AMANPOUR: Yes. So, that — and that comes with its own problem because your next picture that we are going the talk about shows one of these

workers, I guess, who are trying to help taking a bucket full of little fish to one of these ladies who is trying to keep her water in her tank

clean. Explain that.

DERKS: Yes. Exactly. Yes. That was very fascinating to me also because, yes, you have still water, of course, in the water tank because it is there

for maybe a few days. So, on a tropical island, you run the risk that’s tropical diseases will get into the water, especially by, yes, a vector-

borne diseases like mosquitos that transmit diseases like dengue and — so, it is important that they eradicate the mosquito larvae from the water

tanks. And usually, this is done by poison or a kind of poison. It is coming from Venezuela, abatta (ph) it’s called.

But since it has to be imported from far and it’s very hard to get it in Cuba, very often it’s entering in Havana and then it’s very hard to get to

the east side of Cuba. So, at the east, this is (INAUDIBLE), there, I saw the health brigade, the people who are checking the hygiene of the water

tanks, are sort of going around with the little fishes and this — instead of taking a chemical control, they use like a biological control, which are

fishes. So, they go. It’s impressive. Because they go to every house, to every household, climb the stairs and put a few little fishes in the tanks

on the roofs of the people manually with a plastic beer bottle. And these, yes, fishes eat the mosquito larvae.

AMANPOUR: Yes.

DERKS: Yes. So, it’s —

AMANPOUR: And you also describe — I mean, we know that Cuba has a history of jerry rigging all of these issues that it needs to fix itself for all

sorts of reason, you know, like they fix their cars up, and who knows how these, you know, 1950s cars are still running there?

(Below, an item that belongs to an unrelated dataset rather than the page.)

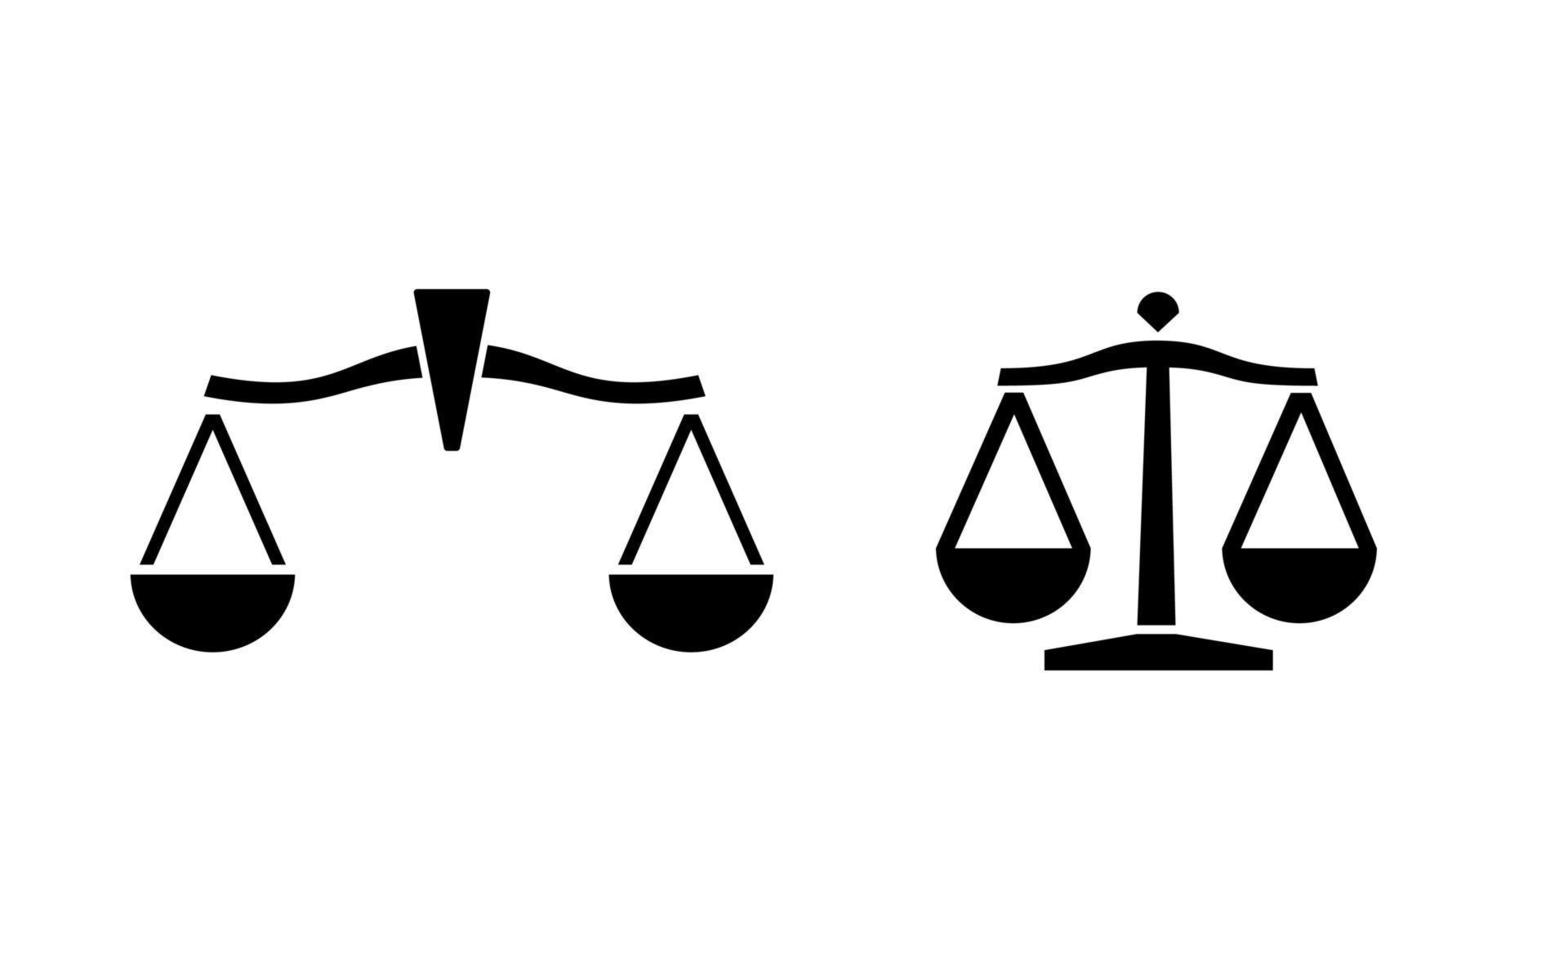 wet oordeel juridische schalen logo vector

And it is the same principle on trying to keep the water clean and safe. But you also talk about an army of workers who take on this task of just

delivering drinking water and, I guess, washing water to people’s houses. And you’ve got some pictures of them. Who are all these people?

DERKS: Yes. That’s what I started to do in the project. I tried to figure out who are all the different — which are all the professions that are

involved in guaranteeing the freshwater access. And, yes, then I noticed that there is like a whole, yes, army of workers sent to the streets,

basically. So, who are all these people? It can be different people. But one of the groups that I was following is the health brigade.

So, you know, Cuba has a preventive health system. So, what they do is they send actively health professionals to the houses to check the water in the

tanks and to eradicate the mosquitos, to smoke out the mosquitos.

AMANPOUR: Right.

DERKS: So, yes.

AMANPOUR: Yes. We have got this amazing picture of fumigating. Sanne, I’m sorry. We are running out of time, but it is such a great story. And we’re

going to end on this picture of the fumigating mosquito larvae in the water this the kitchen.

That’s it for now. Thank you for watching “Amanpour and Company” on PBS and join us again tomorrow night.